• Ben Szalinski
    DEC 19, 2023


    Limits off in 20th Senate Democratic primary as Toro, Guzman distancing themselves in fundraising race  

    From left to right: Geary Yonker, Dr. Dave Nayak, Graciela Guzman, and Sen. Natalie Toro (D-Chicago).  

    A crowded Democratic primary in the 20th Senate District is emerging with Sen. Natalie Toro (D-Chicago) and opponent Graciela Guzman distancing themselves from their opponents in the fundraising race with the help of big financial backers.   

    But new self-funding efforts by Dr. Dave Nayak lifted contribution limits in the race on Monday, setting the stage for an even more expensive race.  

    Toro and Guzman have long been the top two competitors in the district that stretches from Central Avenue to Ashland Avenue and Armitage Avenue to Argyle Street. Toro is a former Chicago Public Schools (CPS) teacher while Guzman currently works as an organizer for the Chicago Teachers Union (CTU). The race also features Nayak, a local doctor and business owner, and Geary Yonker, a former account manager at WBEZ. 

    The race has been hotly contested between Toro and Guzman since Toro was appointed to the seat in July despite a strong progressive backing for Guzman. Since then, supporters of each woman have boosted their campaign accounts as Toro attempts to defend her seat while Guzman seeks retribution for what many viewed as a snubbed appointment. Both candidates have easily distanced themselves from their competitors.   

    Toro has virtually no legislative record to run on aside from a handful of mostly non-controversial votes during veto sessions. Despite only serving half a year in office, she still holds the incumbency financial advantage with the backing of the Senate Democrats and caucus leader President Don Harmon (D-Oak Park).   

    Toro closed September reporting $72,668 in her campaign account. Since then, she has raised $414,505 in reportable contributions of $1,000 or more.   

    Most of her fundraising success has been boosted by the ISDF account — the campaign arm of the Senate Democratic caucus. That committee gave her a $150,000 contribution plus another $11,500 for media and photography production.   

    Harmon is also staying in her corner and used his two campaign accounts for his Senate district and State Central Committee district to donate a combined $137,000. Toro has also received healthy contributions from the Associated Fire Fighters of Illinois and Sen. Linda Holmes (D-Aurora). Subtracting Harmon and the ISDF’s support, Toro has raised about $117,000 from other sources — which itself tops Guzman.   

    Guzman has raised $75,155 in reportable contributions since Oct. 1. Her largest backer has been her own employer, the Chicago Teachers Union. Though Toro was a member of the CTU during her own career, the union has opted to support a progressive organizer — who was hired by the union after she failed to win the Senate appointment — rather than a member of their union. Guzman has built a career in political organizing, especially for healthcare causes, and has not worked for CPS but is a 2007 graduate of the school district.   

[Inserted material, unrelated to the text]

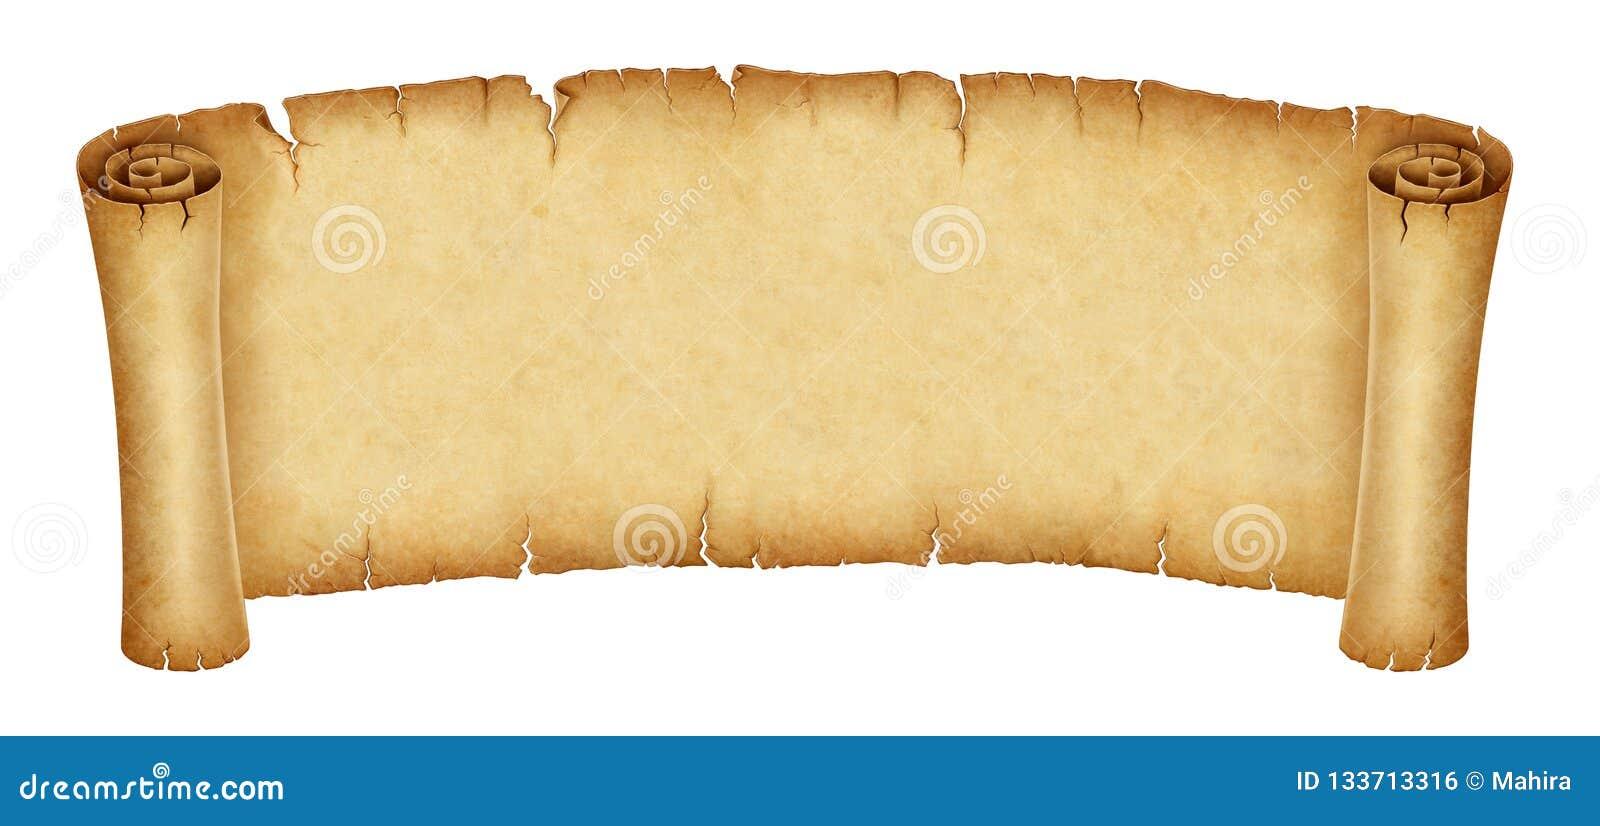 Bandeira velha do rolo isolada no fundo branco

    CTU has contributed $20,000 to Guzman’s campaign plus $16,655 for polling. Guzman has also received contributions from fellow progressives including Rep. Will Guzzardi (D-Chicago), Chicago Ald. Jessie Fuentes (26), and Ald. Rossana Rodriguez’s (33) committeeperson campaign fund.   

    Though Guzman and Toro have claimed most of the headlines and contributions, Nayak is trying to make headway and made a decision Monday that will allow the primary race to get significantly more expensive. Nayak filed a notice of self-funding on Monday that lifts contribution limits in the race. He also gave himself an additional $15,000, bringing the total of his personal loans to $114,900.   

    Illinois law limits fundraising in races when a candidate has not contributed more than $100,000 to their own campaign. But with Nayak’s contribution Monday, all fundraising limits in the race are off, which now allows Harmon and the ISDF to pour more money into Toro’s account.    

    Outside putting his own money into the race, Nayak has reported raising $13,250 this quarter.  

    Yonker has not reported any reportable contributions this quarter and had just $1,700 in his campaign account at the end of September.